W pierwszej chwili, po przeczytaniu pierwszych kilku słów, w głowie blogera zapali się lampka ostrzegawcza, ale pod koniec zdania będzie już wiadomo, że to zawoalowana pochwała. Przykłady:

– komentarz ze sprytnie przemyconym linkiem do siebie:

Śliczna sukienka!! Gdybym miała taką w szafie, byłabym drugą najszczęśliwszą kobietą na świecie. Dlaczego drugą? Zapraszam do siebie [link], a wszystko się wyjaśni.

– komentarz pirotechniczny:

Napisałabym, że fajny wpis, ale tego nie zrobię, bo ten wpis to prawdziwa petarda!

– komentarz nawróconego spamera:

Nie zapraszam do siebie, bo nie chcę spamować w tak fajnym miejscu, jakie tutaj stworzyłaś / stworzyłeś.

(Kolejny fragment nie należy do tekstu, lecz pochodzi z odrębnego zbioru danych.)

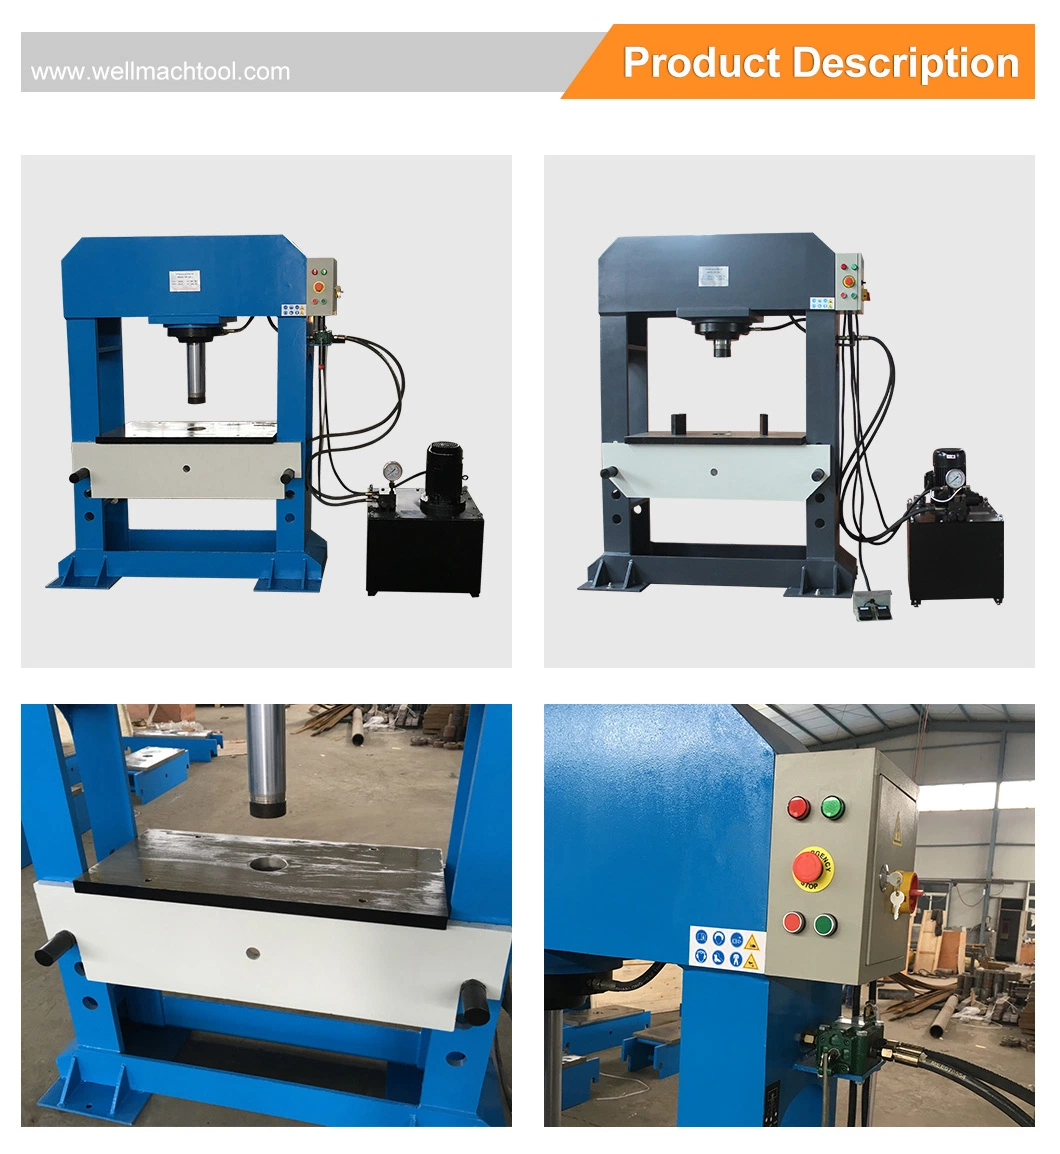 100 ton Hydraulic Press Machine Hydraulic Press HP100 with CE

– komentarz bratniej duszy:

Serio uważasz, że [….] to […..]? Uff… a już myślałam, że jestem jedyną, która tak sądzi.

 


 

Komentarze dziękczynne

Komentarze, które sprawią mnóstwo radości tym blogerom, którzy cały czas twierdzą, że blogowanie jest ich życiową misją:

Przygotowałam tydzień temu obiad według twojego przepisu. Kochana! Mąż wreszcie przestał się stołować u mamy. Wdzięczność!!

 


 

Komentarze techniczne

Warto czasem odnieść się do umiejętności technicznych blogera:

Podoba mi się Twój styl pisania. Jest lekki jak sałatka z rukoli.

 


 

Komentarze zapraszające do dyskusji

Nic tak nie rajcuje blogera, jak dyskusja w komentarzach. Świetnym paliwem do takiej wymiany zdań jest wpisanie czegoś w tym stylu:

Bardzo podoba mi się fragment [….] zwłaszcza to zdanie o [….]. Jak na to wpadłaś?

albo:

Co tak naprawdę chciałaś powiedzieć, pisząc, że [….]?

 


 

Komentarze złośliwe

Złośliwe, choć w pierwszej chwili wyglądają bardzo niewinnie. Ponieważ jest ich cała masa, dlatego nie ma sensu ich wszystkich tutaj przytaczać. Wystarczy mała próbka:

Haha! Super tekst! Ostatnio tak się śmiałem w [tu wpisz datę].

 


 

Pomożecie rozwinąć tę listę? Macie jakieś pomysły?

 


 
 


 

OFERTA: prowadzenie bloga firmowego


 


 

 

93 komentarze

  1. Chciałbym pierdyknąć komentarz ale ni e jestem nawrócony … jeszcze 😉

  2. Beata Szymańska pisze:

    Gdybym była mężczyzną, mogłabym się tym tekstem zaciąć przy goleniu brody, bo jest ostry, niczym brzytwa i to taka, której żaden topiący nie mógłby się chwycić, gdyż ucięłoby mu rękę. Ślę ukłony.

  3. Paulina W. pisze:

    Najlepszy komentarz, to szczery komentarz i taki, który odnosi się do tekstu, a nie jest napisany „na pałę”.

  4. Guesswhatpl pisze:

    Człowieku za swoje wpisy na blogu powinieneś dostać Nobla, Oskara i Nike w jednym 😉

  5. Katarzyna Wojtyńska-Stahl pisze:

    Zmuszona zostałam do skomentowania tego wpisu; uważam, że to jest szelmowski tekst, a podejrzewam, że i autor na żywo, to też taki Filutek 😉 Serdeczności od Katarzyny.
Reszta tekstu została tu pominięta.